1) Main components of a power supply

A PC power supply is composed not only of the transformer and the main switch with the plug, but also of a built-in fan and a series of cables and plugs that come out. Before continuing, it is worth understanding what are the cables and connectors that we find coming out of a power supply:

1) P1 (PC Main / ATX connector): it is the main cable with the largest socket that powers the motherboard and can have 24 pins or 20 pins with a small 4 pin plug that can be added.
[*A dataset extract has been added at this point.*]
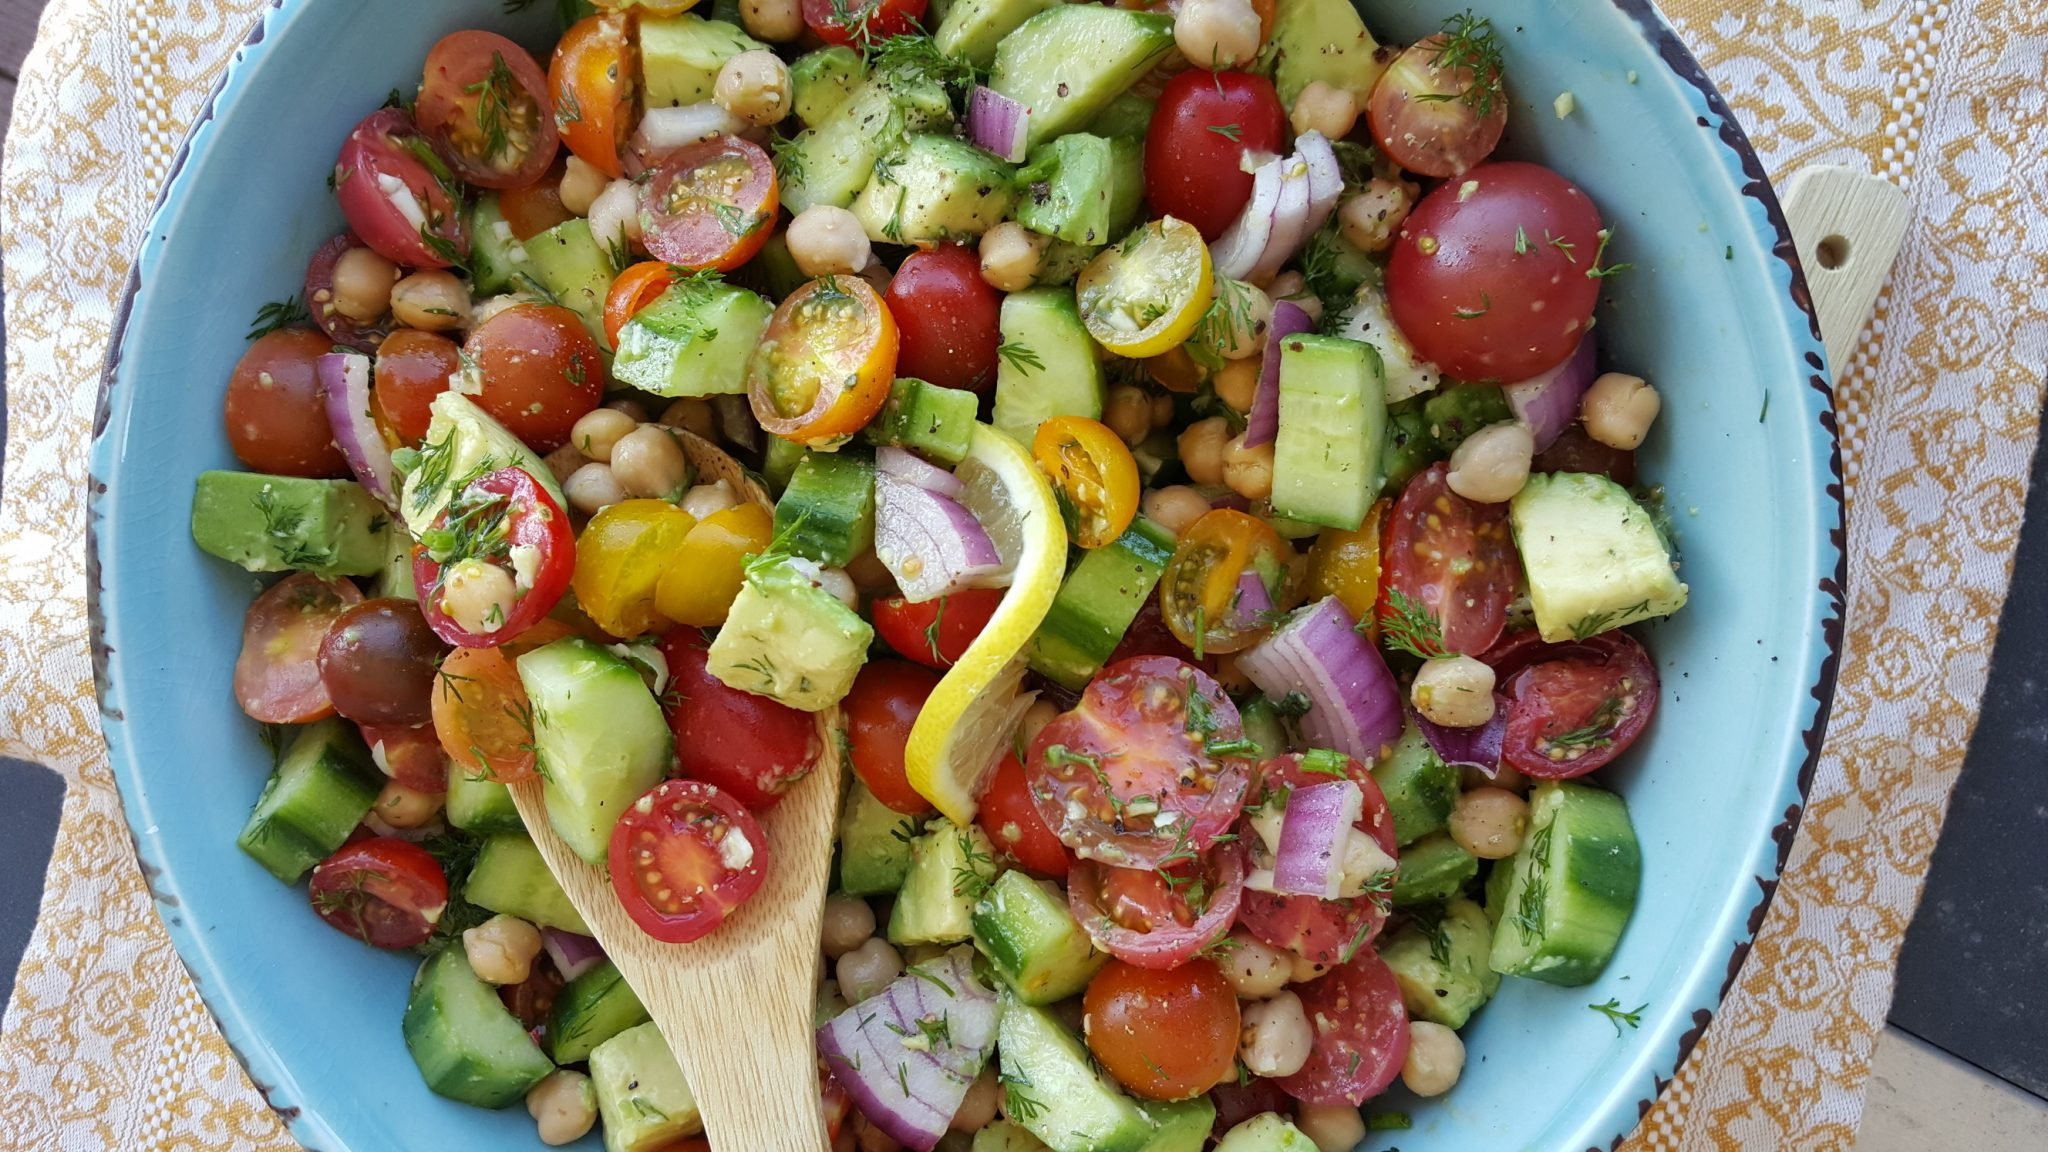 Chopped Mixed Tomato + Crisp Cucumber Salad with Lemony Dill

This connects to the socket on the motherboard which can be 20 or 24 PIN. If the motherboard has a 20 pin socket and the power supply has a 24 pin, you can connect it leaving 4 pins out on one side or you can use the ATX adapter.

2) P4 (EPS connector): this is the cable that powers the processor and must be connected on the motherboard, to a socket near the CPU. The extra 4 pins are used on motherboards that support overclocking to give more power. Most power supplies have two power supply cables, one 4-pin and one 8-pin, so you can choose the right one. If there is only the 8 Pin cable and the plug has 4 on the motherboard, you can still connect it leaving 4 pins out.

3) PCI-E connector (6 pin or 6+2 pin): The motherboard can provide a maximum of 75W through the PCI-E interface slot. This connector plugs directly into the graphics card in your PC. More expensive graphics cards require the 6+2 pin PCI-E connector.

4) Molex (4-pin peripheral connector): Molex connectors have been around for a long time, they are the plastic ones with 4 holes and two wires inside each one, one red and one yellow. In the past these cables were used to connect hard drives and CD-ROM players, but today they are no longer used (although power supplies still include them). Since they have been replaced by SATA cables, you will find the MoleX to SATA adapters included.

5) SATA connector: the SATA connector, with a flat shape, is the one that is connected to the CD Rom and the hard disk. A power supply should have 4 or more SATA connections, to support multiple hard drives. Thanks to their L shape, the SATA power connector can only be connected the right way.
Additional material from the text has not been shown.